Overall, 94% of eligible patients underwent follow-up imaging at 24 months with CT venogram as part of what Dake called a “highly intensive imaging protocol.” There were no instances of the filter migrating, tilting, embolizing, fracturing, perforating, or any other device-related complication out to 24 months.

The filter automatically bioconverts after 60 days via hydrolysis that allows the filter arms to retract from the IVC wall. The rate of symptomatic new PE in patients with fully bioconverted filters was 2.4% through 2 years, with none of the events related to the device.

“It’s easy, accurate, tends not to jump, and it almost always is aligned along the longitudinal access of the cava,” Dake said. The rate of successful bioconversion of the filter was 96.5% at 2 years.

Asked by session moderator Krishna Rocha-Singh, MD (Prairie Heart Institute at St. John's Hospital, Springfield, IL), how anticoagulants were addressed, Dake said those regimens were left to the discretion of individual physicians, with no standard anticoagulation regimen mandated for patients with successful placement of a filter.

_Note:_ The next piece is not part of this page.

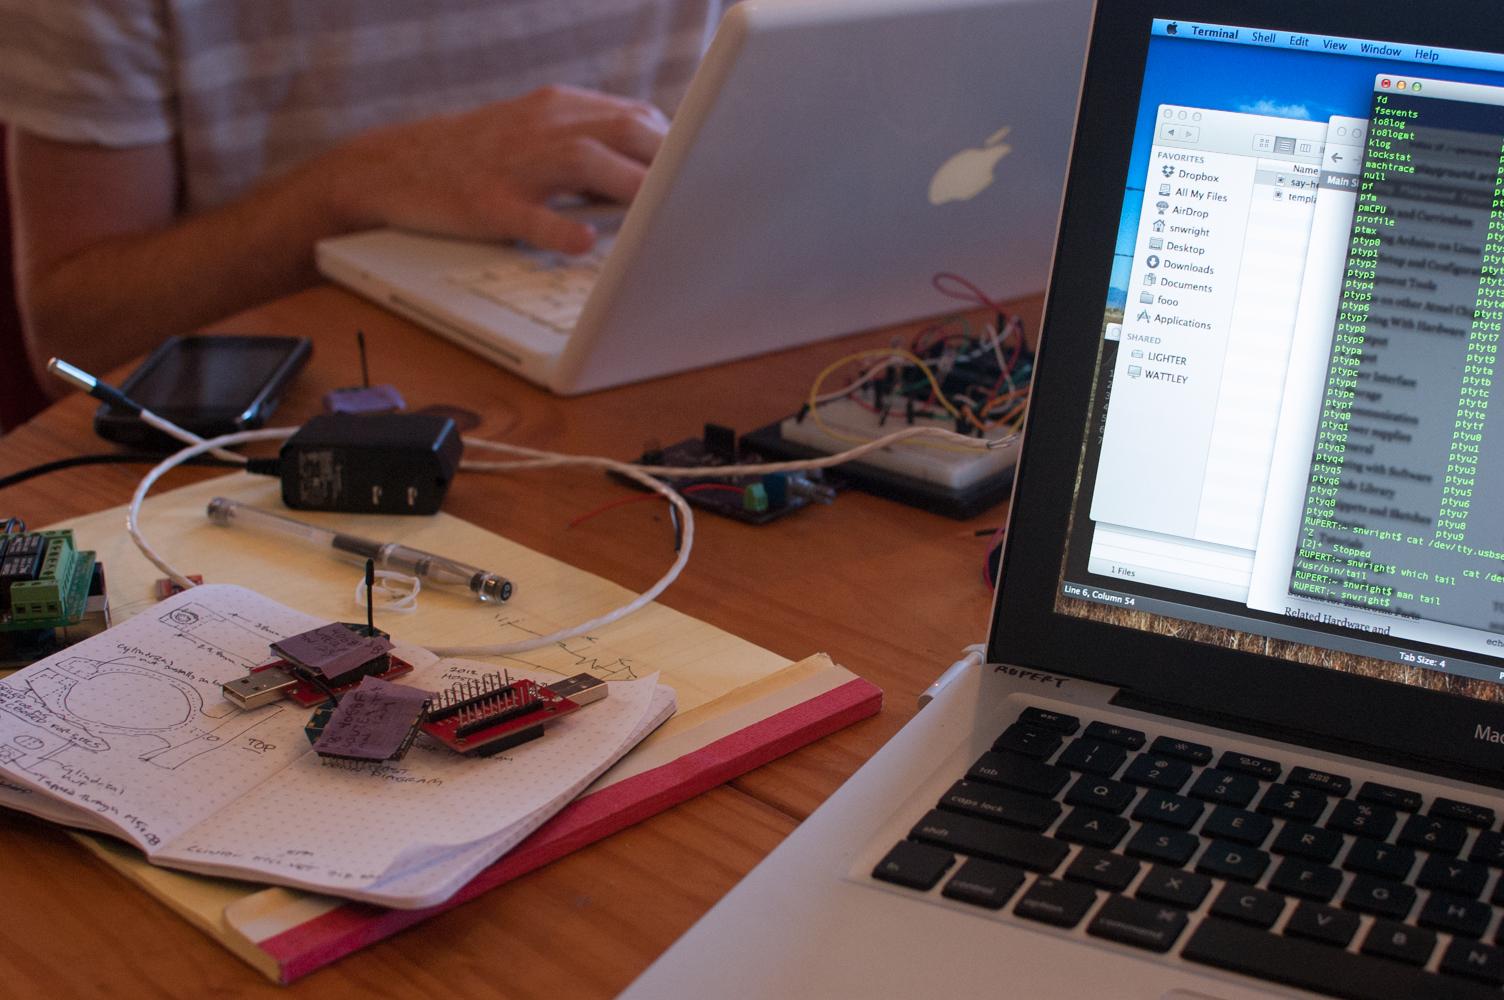 hackday-5.jpg

Another interesting question raised by Rocha-Singh is what happens if the filter traps a clot right before it dissolves. Dake noted that there were 16 patients who were asymptomatic and had clots seen partially within the filter. None were not intervened on, and none developed symptomatic PE.

“[T]here’s a pretty large patient population that I think could potentially benefit from this,” Dake concluded.

  • Dake M. Two-year analysis of the prospective multicenter Sentry clinical trial: safety and effectiveness of the BTG Sentry bioconvertible IVC filter. Presented at: VIVA 2018. November 7, 2018. Las Vegas, NV.

  • Watts MM. Innovative large bore closure technology. Presented at: VIVA 2018. November 7, 2018. Las Vegas, NV.

  • Dake reports honoraria from Bard Peripheral Vascular, Cook Medical and consulting fees from Cook Medical, Gore & Associates, and Novate.
  • Watts reports no relevant conflicts of interest.